PROMPT: Everything from the first line of the data through the line with "Apple iPhone 14" is to be echoed exactly, minus the pictures.

STORED DATA:
* * *
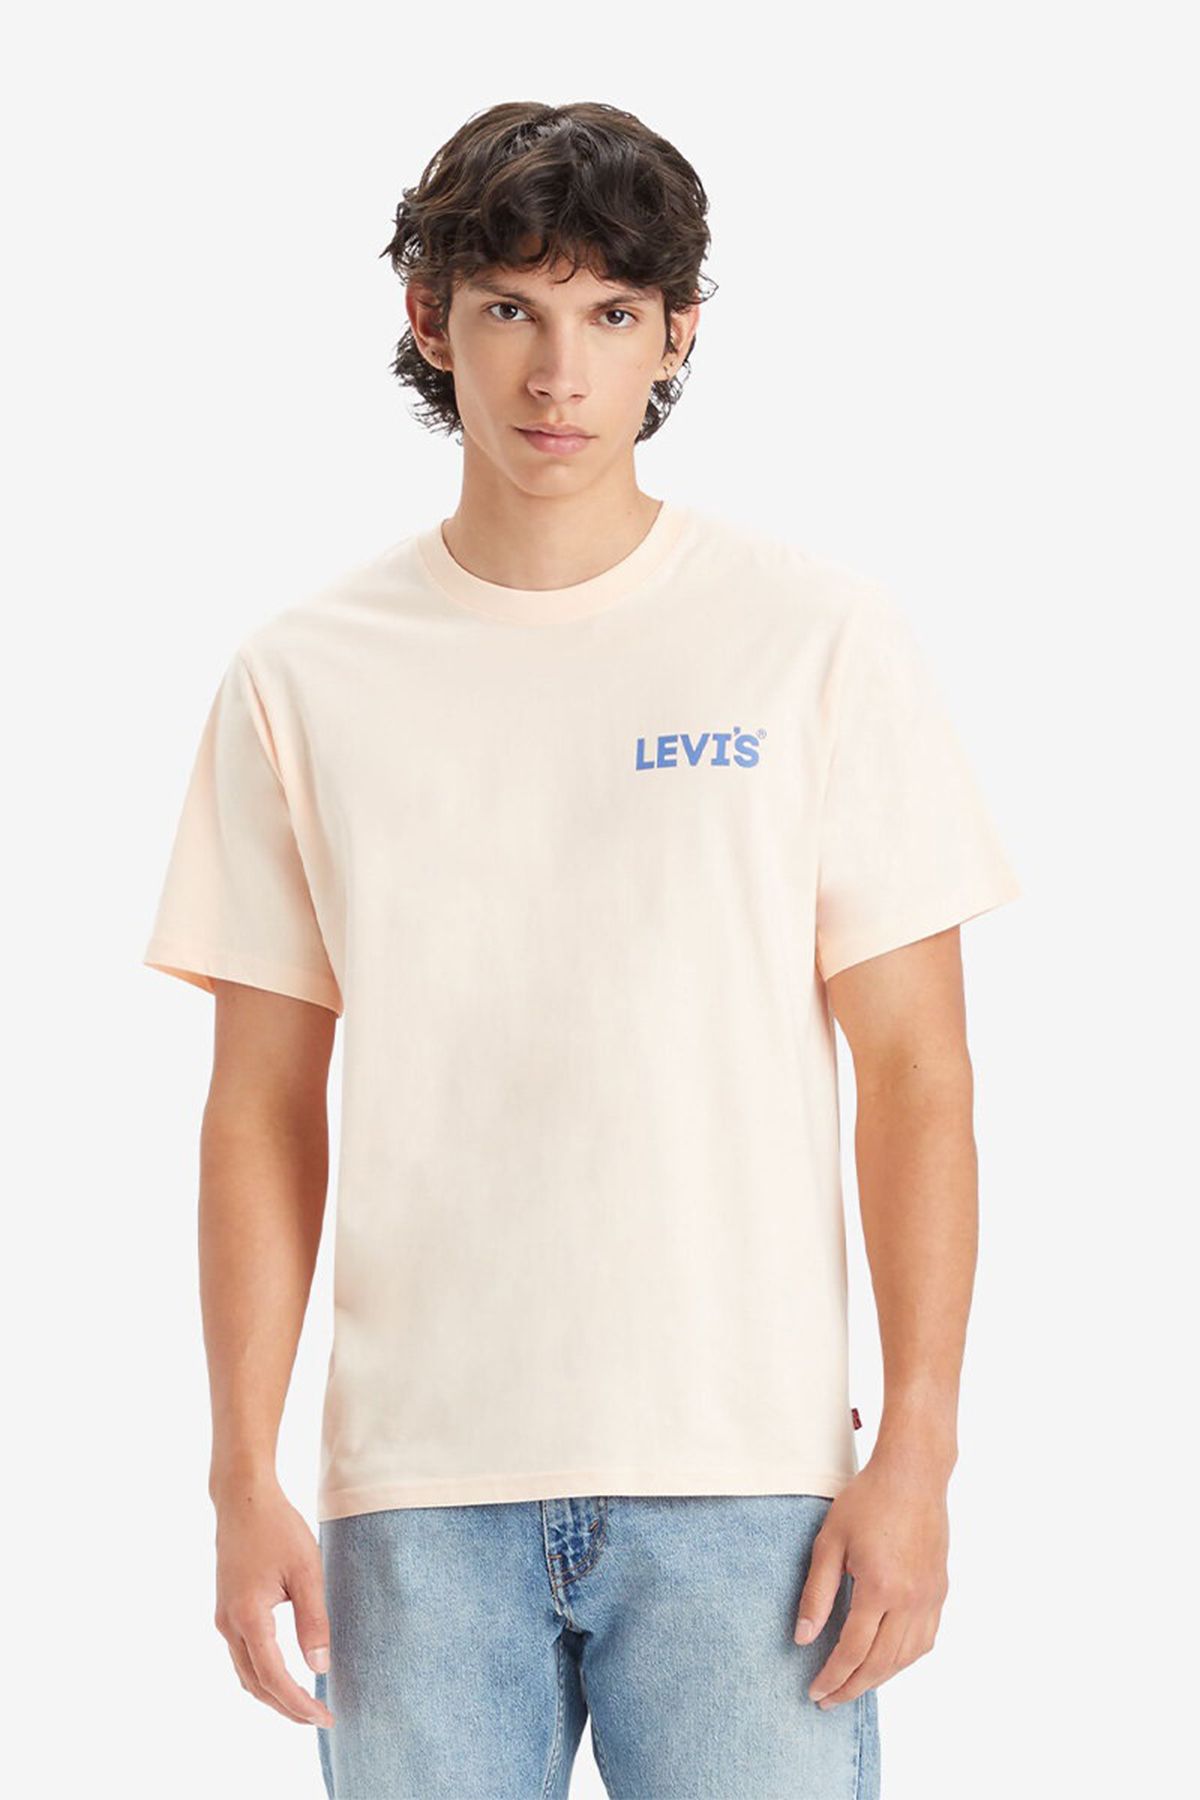 Levi's Pamuklu Relaxed Fit T Shirt Erkek T SHİRT A2082
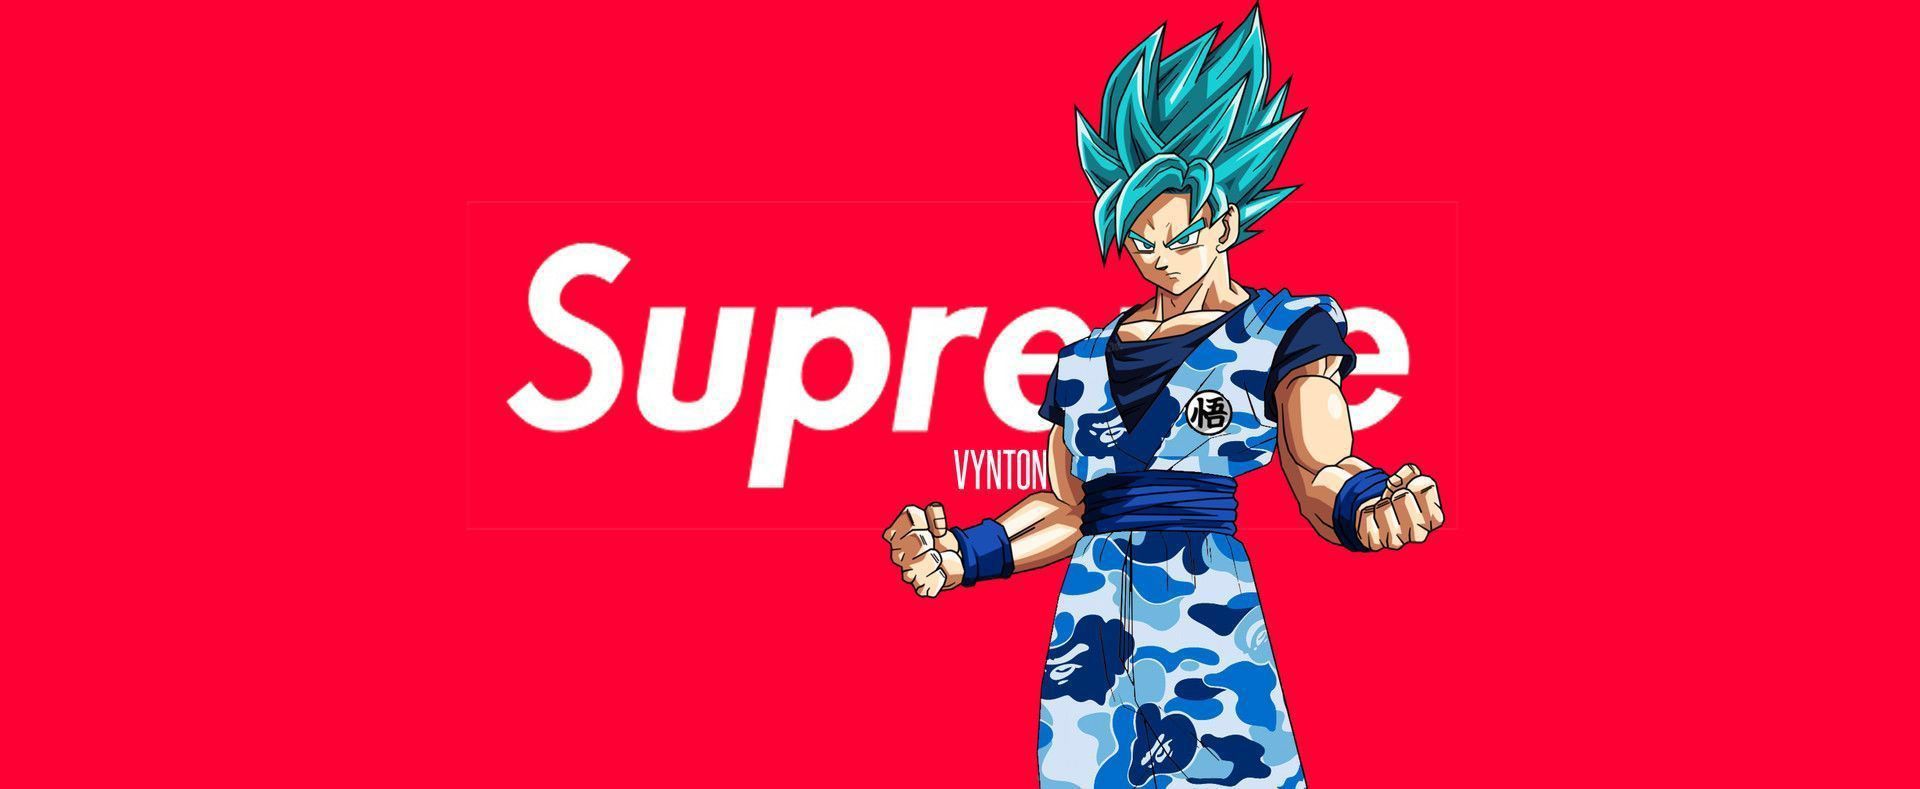 Drip Goku Wallpaper, Bape, Supreme. Goku wallpaper, Supreme wallpaper, Desktop wallpaper
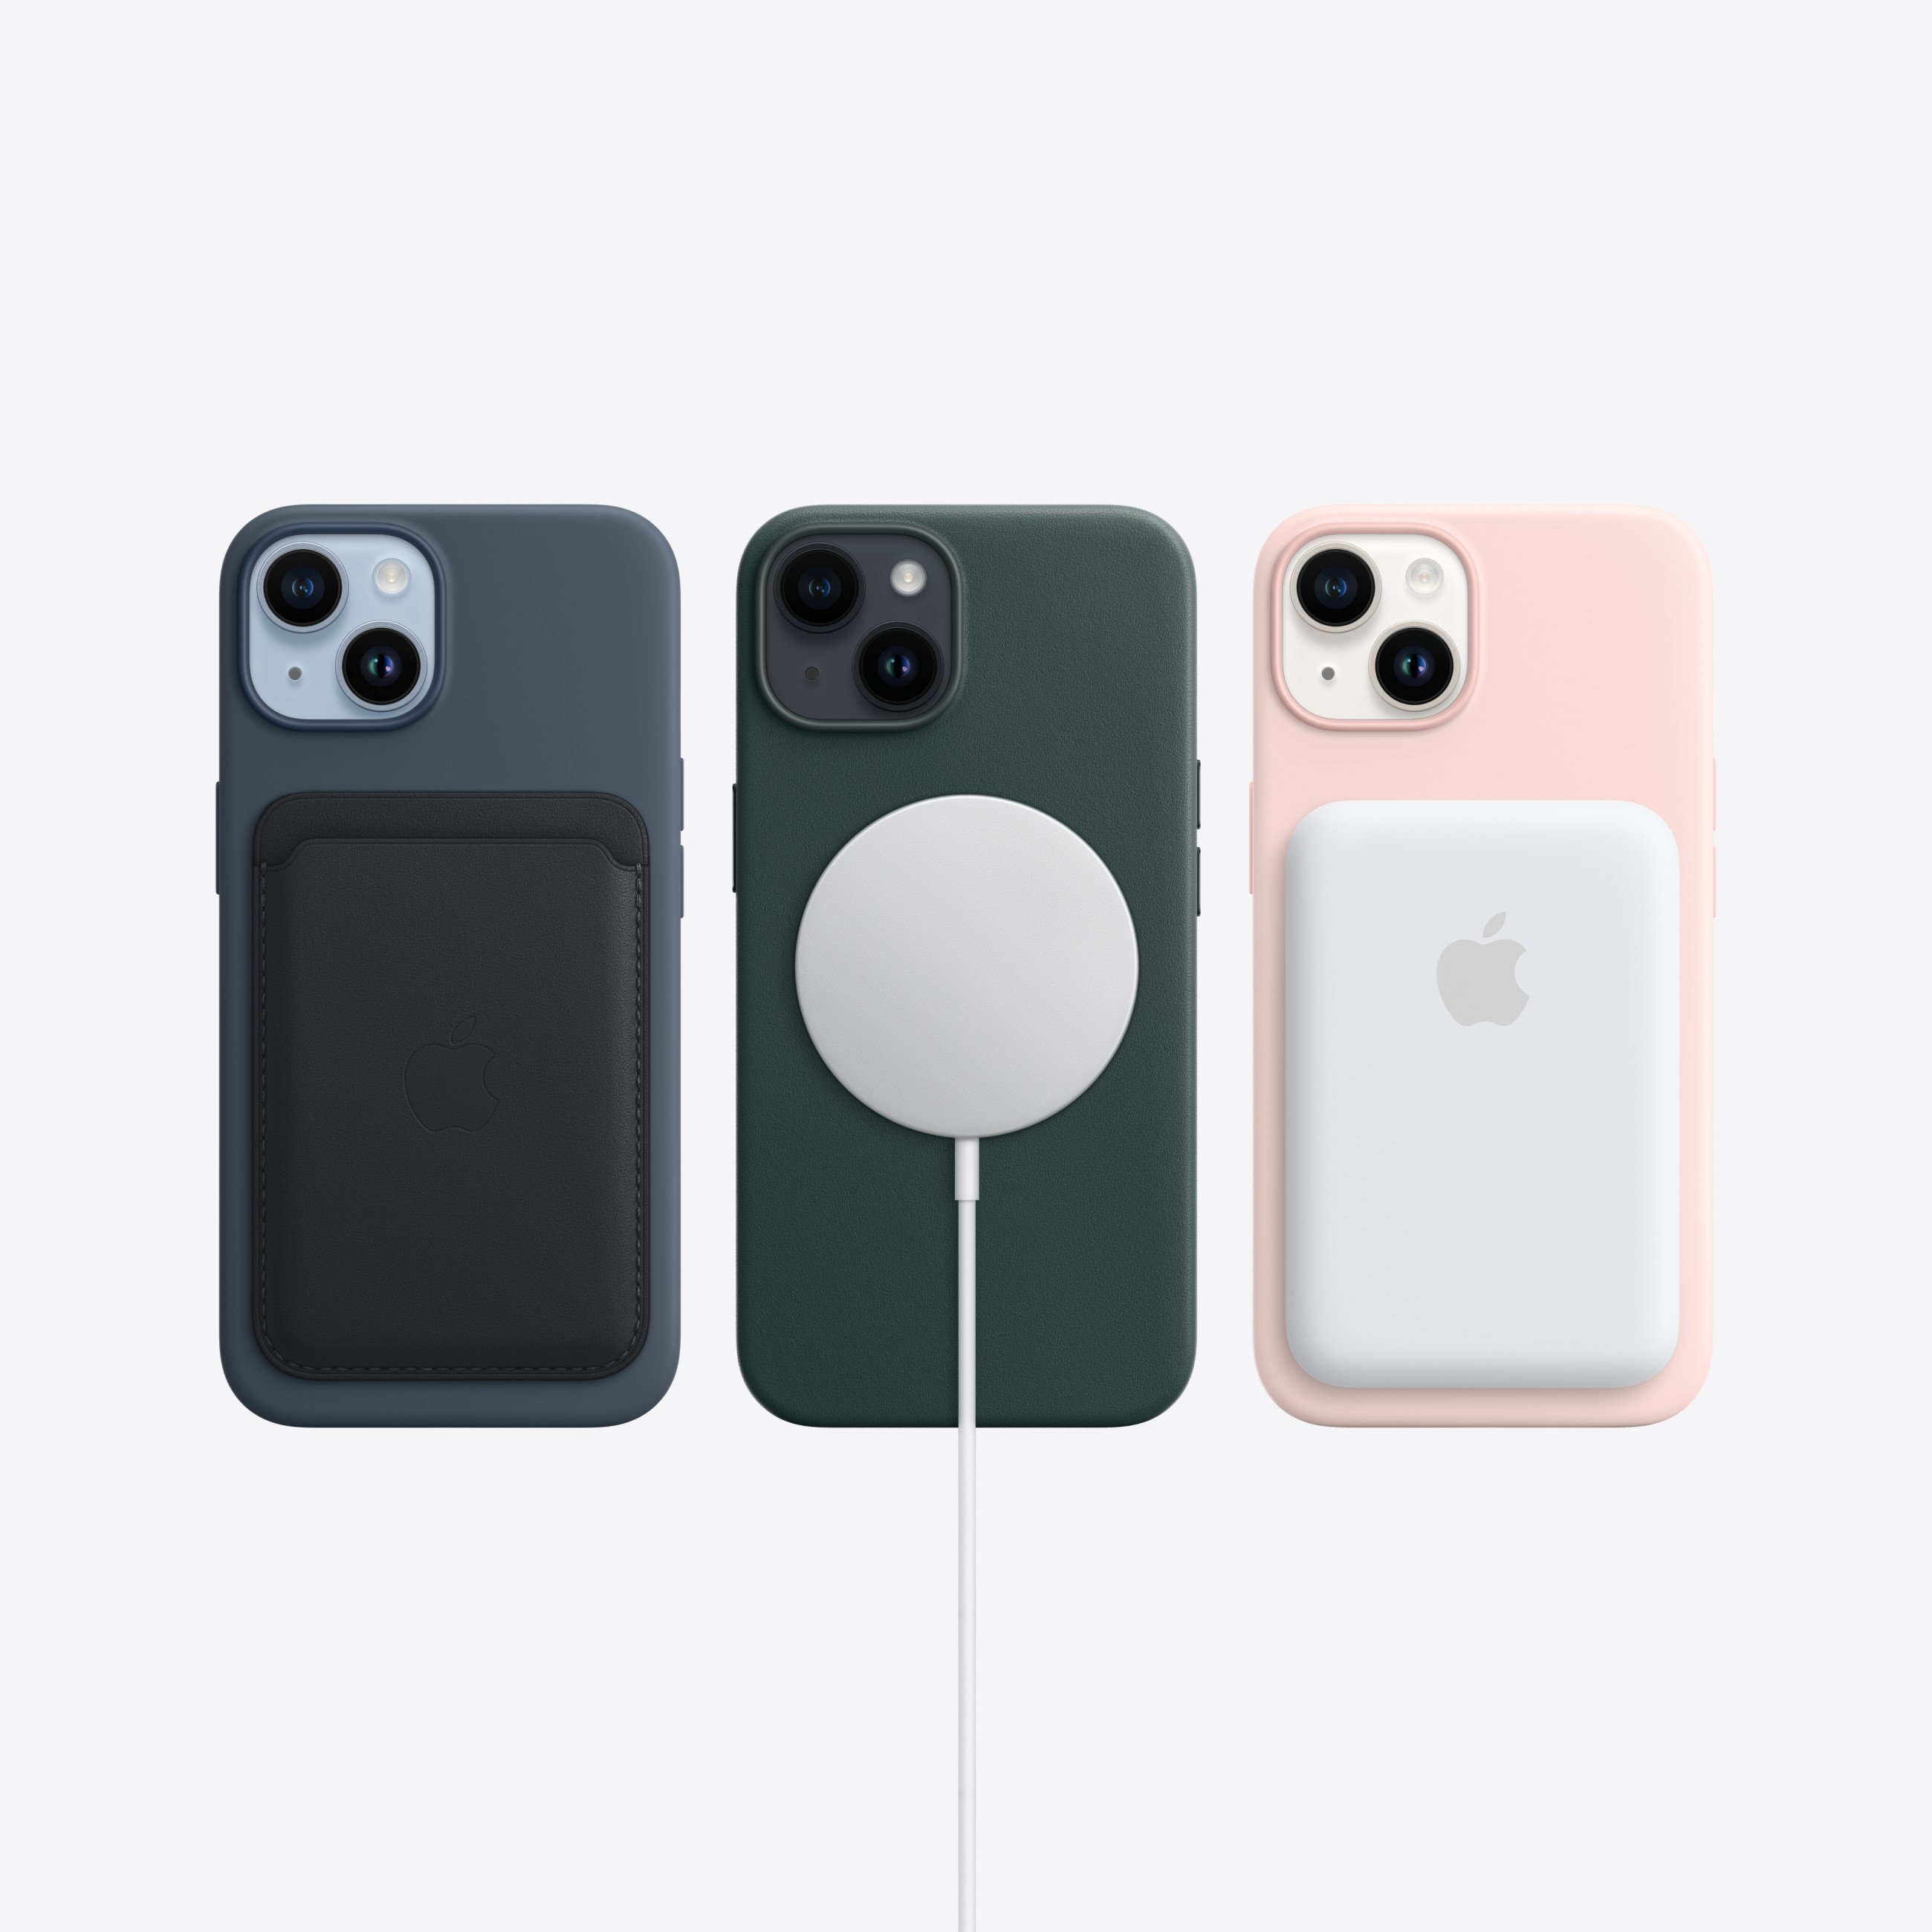 Apple iPhone 14 15,5 cm (6.1 Zoll) Dual-SIM iOS 16 5G 512 GB Weiß
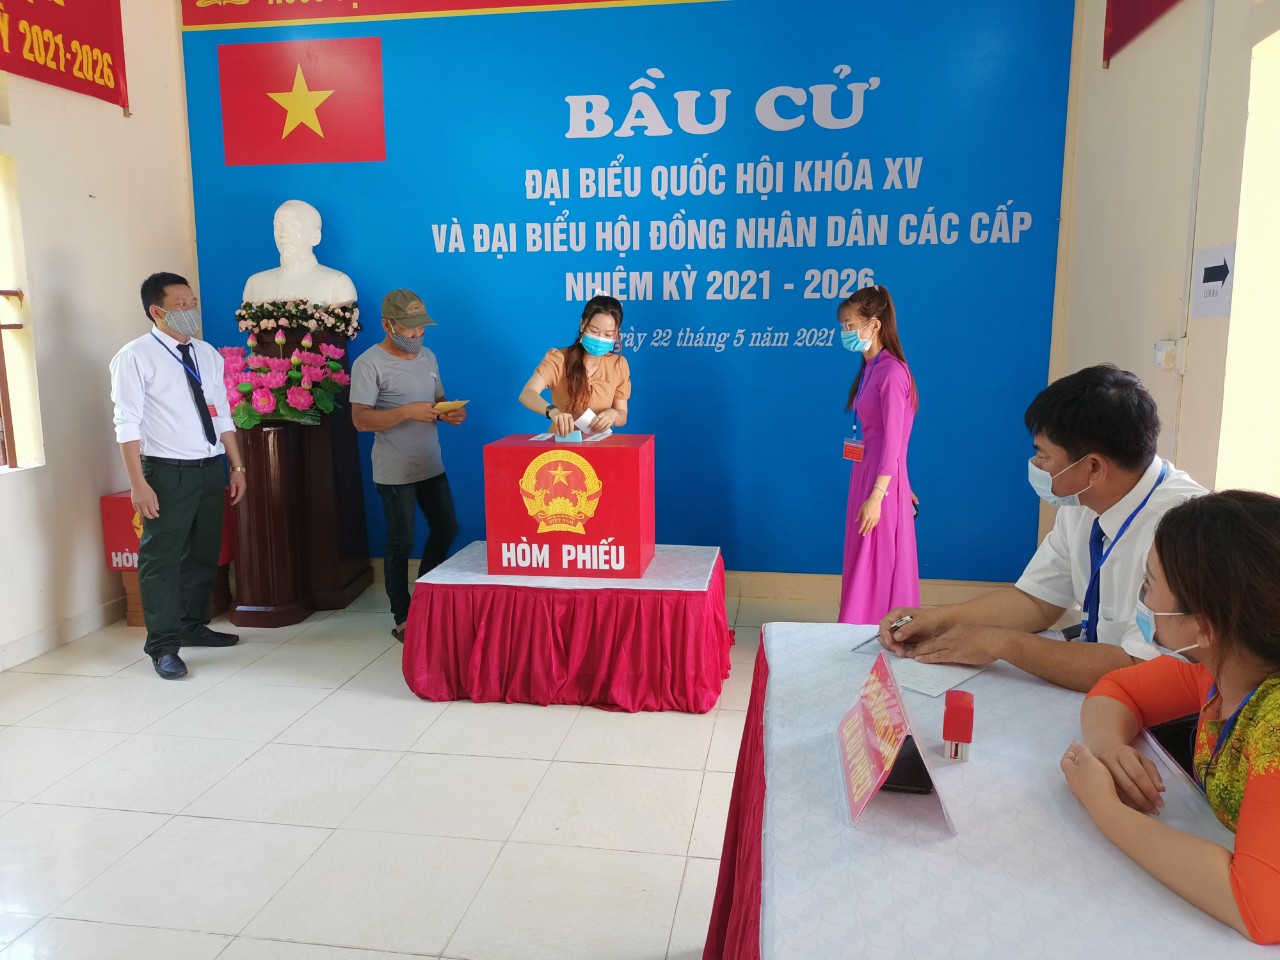 Hải Phòng: Khai mạc bầu cử sớm tại huyện đảo Bạch Long Vỹ - Ảnh 2.
* * *
OUTPUT OF THE EXERCISE:
 Levi's Pamuklu Relaxed Fit T Shirt Erkek T SHİRT A2082
 Drip Goku Wallpaper, Bape, Supreme. Goku wallpaper, Supreme wallpaper, Desktop wallpaper
 Apple iPhone 14 15,5 cm (6.1 Zoll) Dual-SIM iOS 16 5G 512 GB Weiß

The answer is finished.